Segment Open

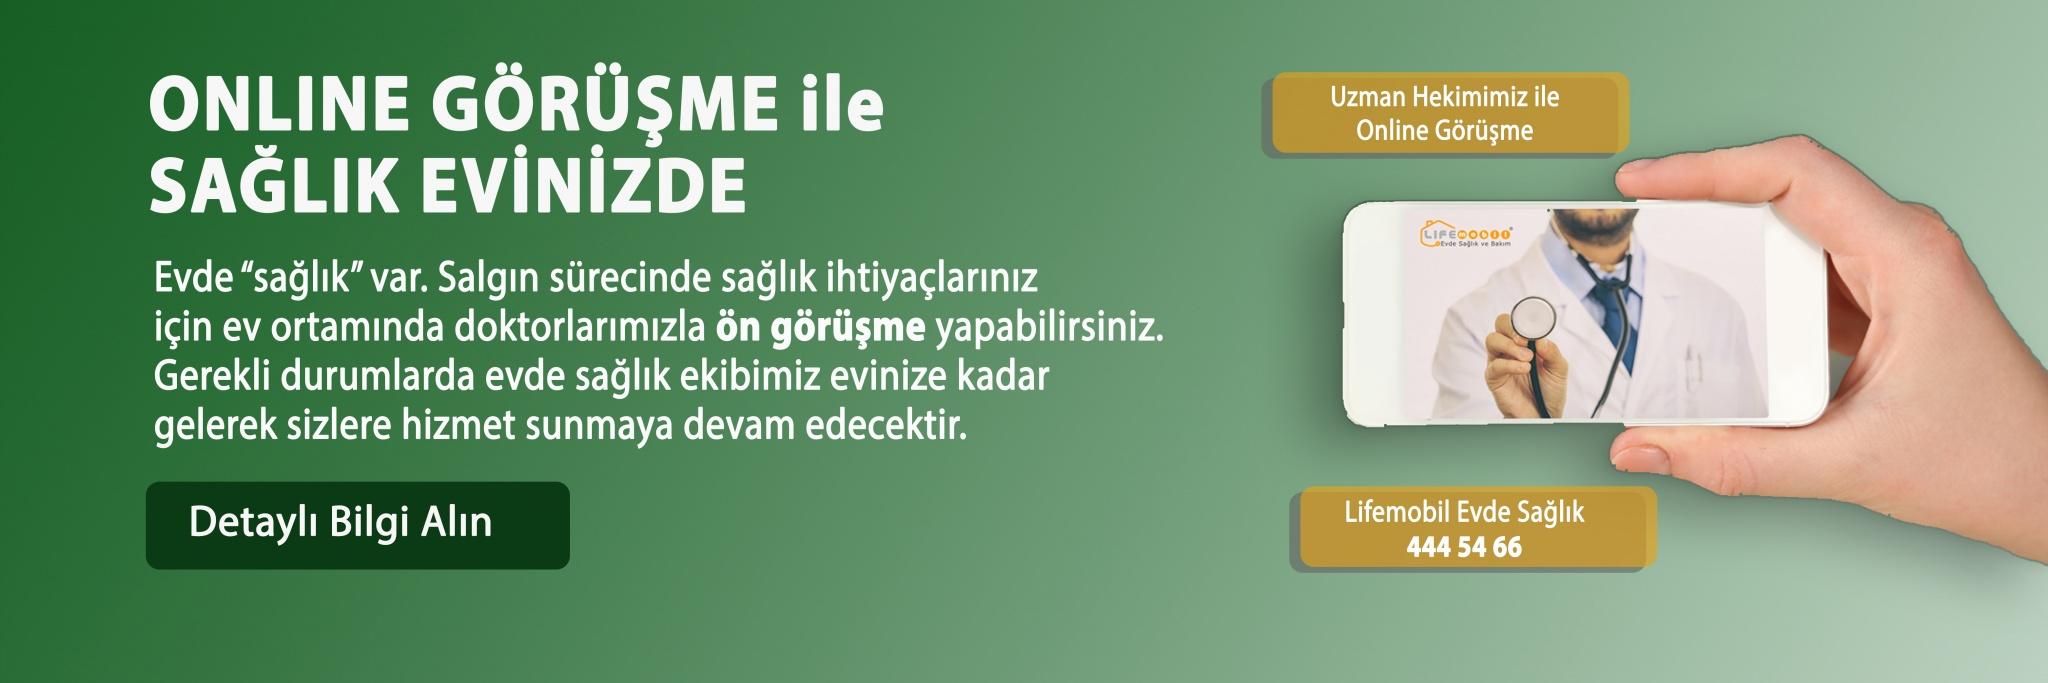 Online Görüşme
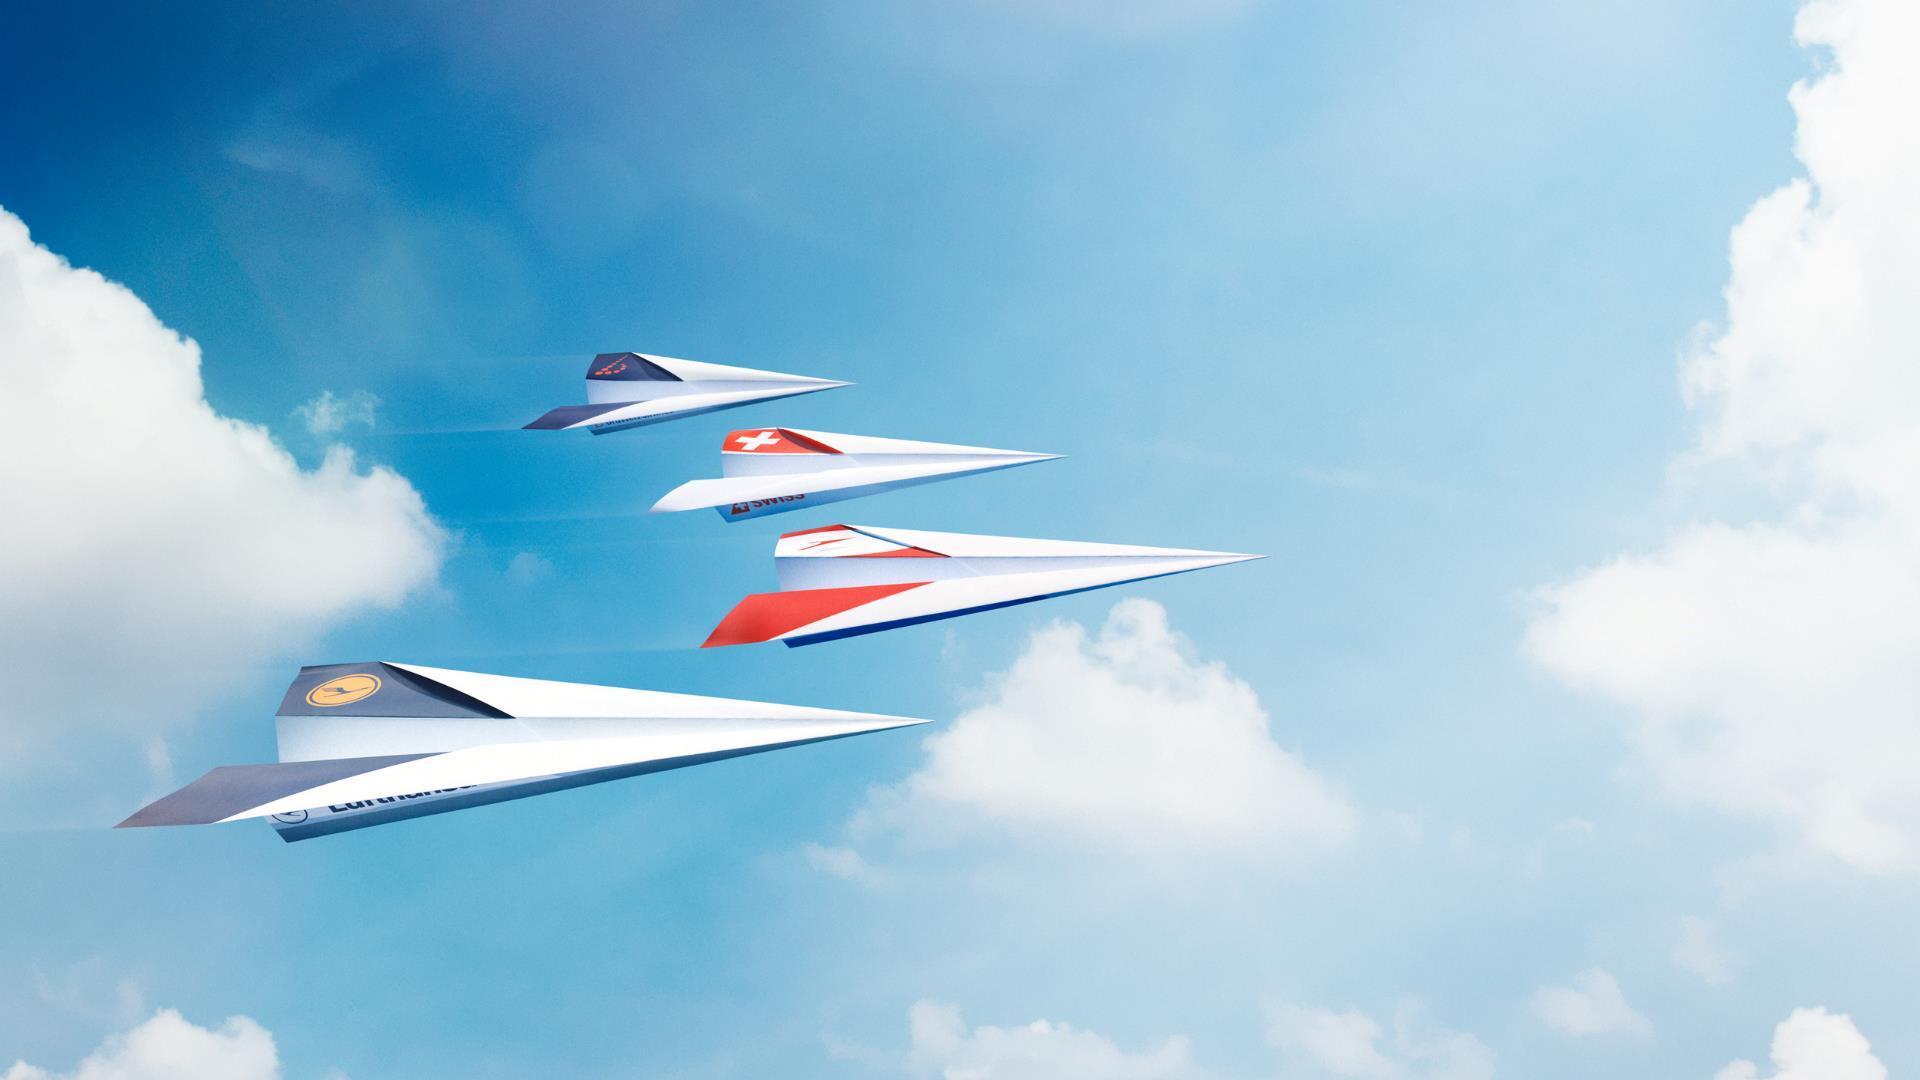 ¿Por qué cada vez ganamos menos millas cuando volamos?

Segment Closed
Segment Open

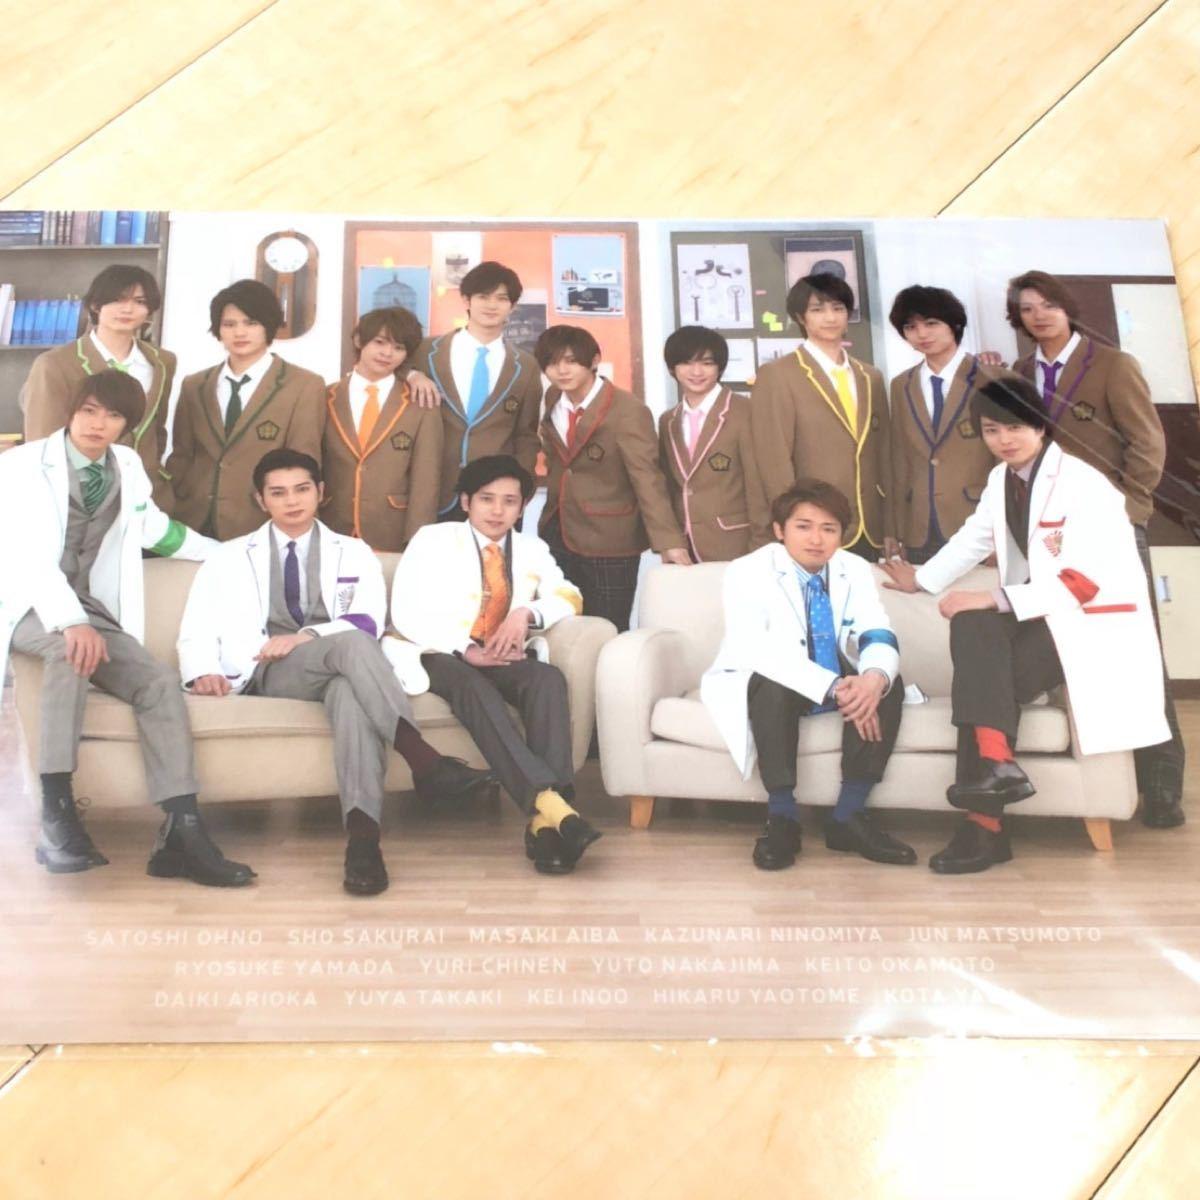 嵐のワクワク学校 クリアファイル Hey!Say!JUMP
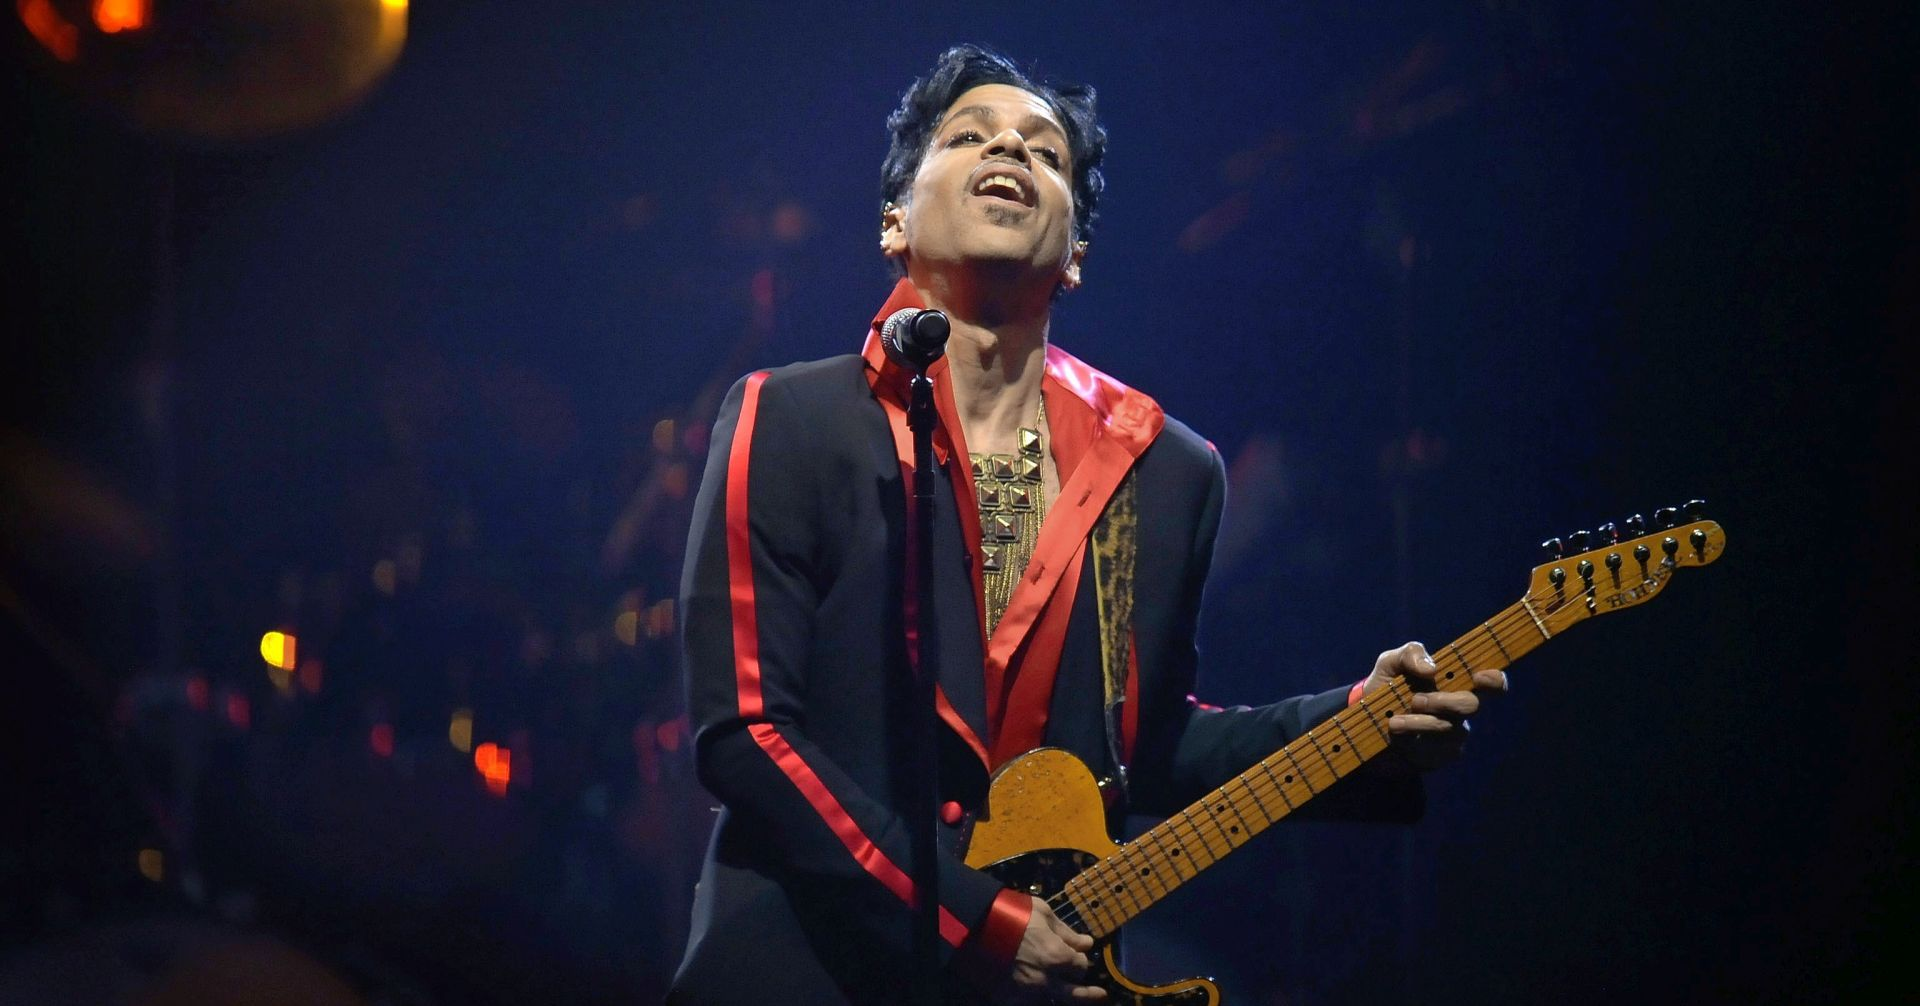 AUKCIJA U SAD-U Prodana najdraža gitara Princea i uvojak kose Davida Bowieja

Segment Closed
Segment Open

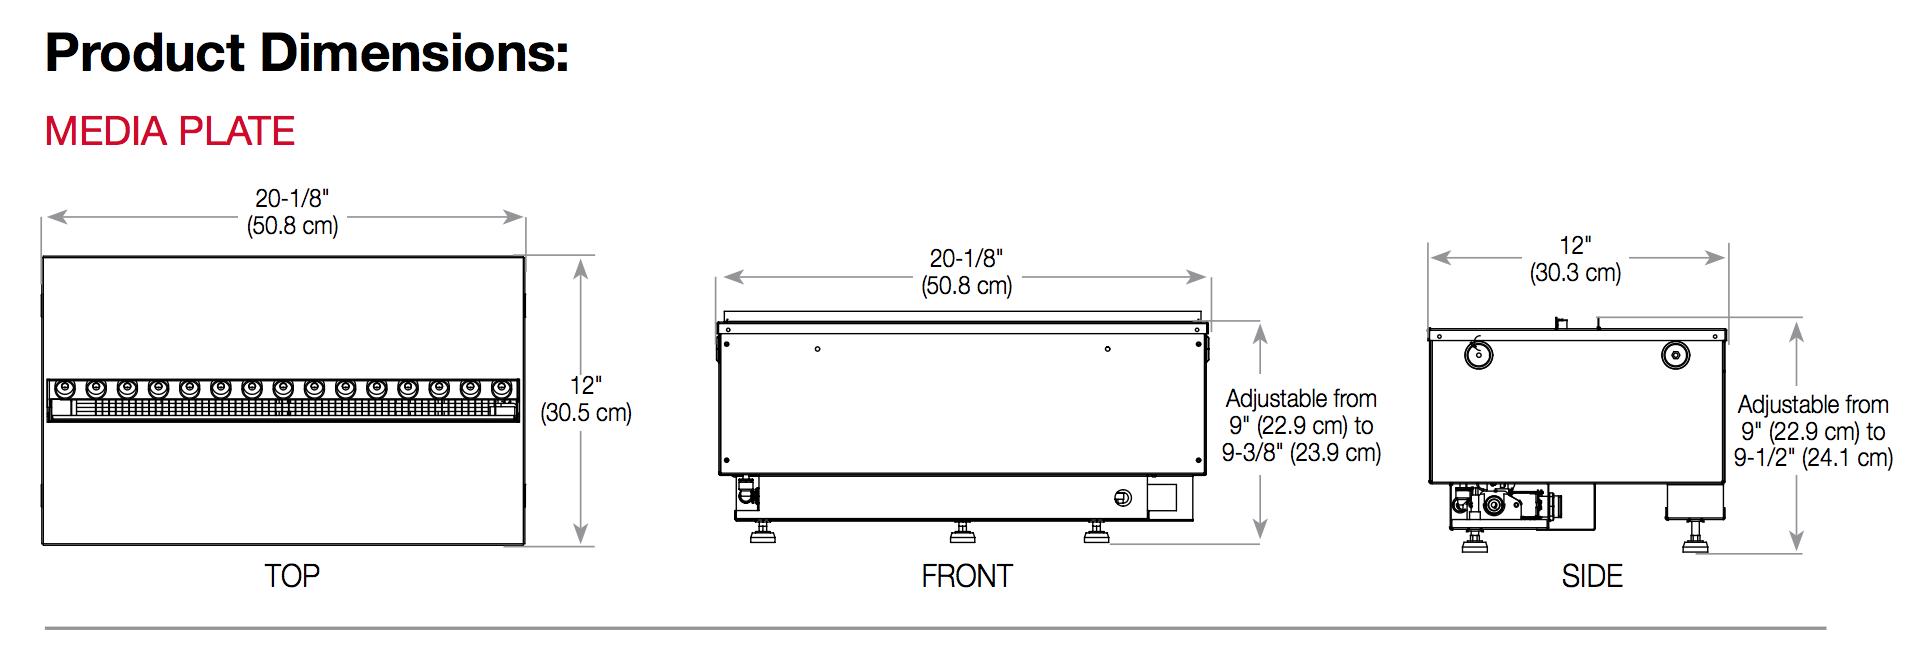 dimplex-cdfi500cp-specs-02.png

Segment Closed

## [WHAT TO DO]
Above are records; write out the lines from the one with "Online Görüşme" down to the one with "millas cuando volamos?", exactly, leaving the pictures out.

## [WRITTEN REPLY]
 Online Görüşme
 ¿Por qué cada vez ganamos menos millas cuando volamos?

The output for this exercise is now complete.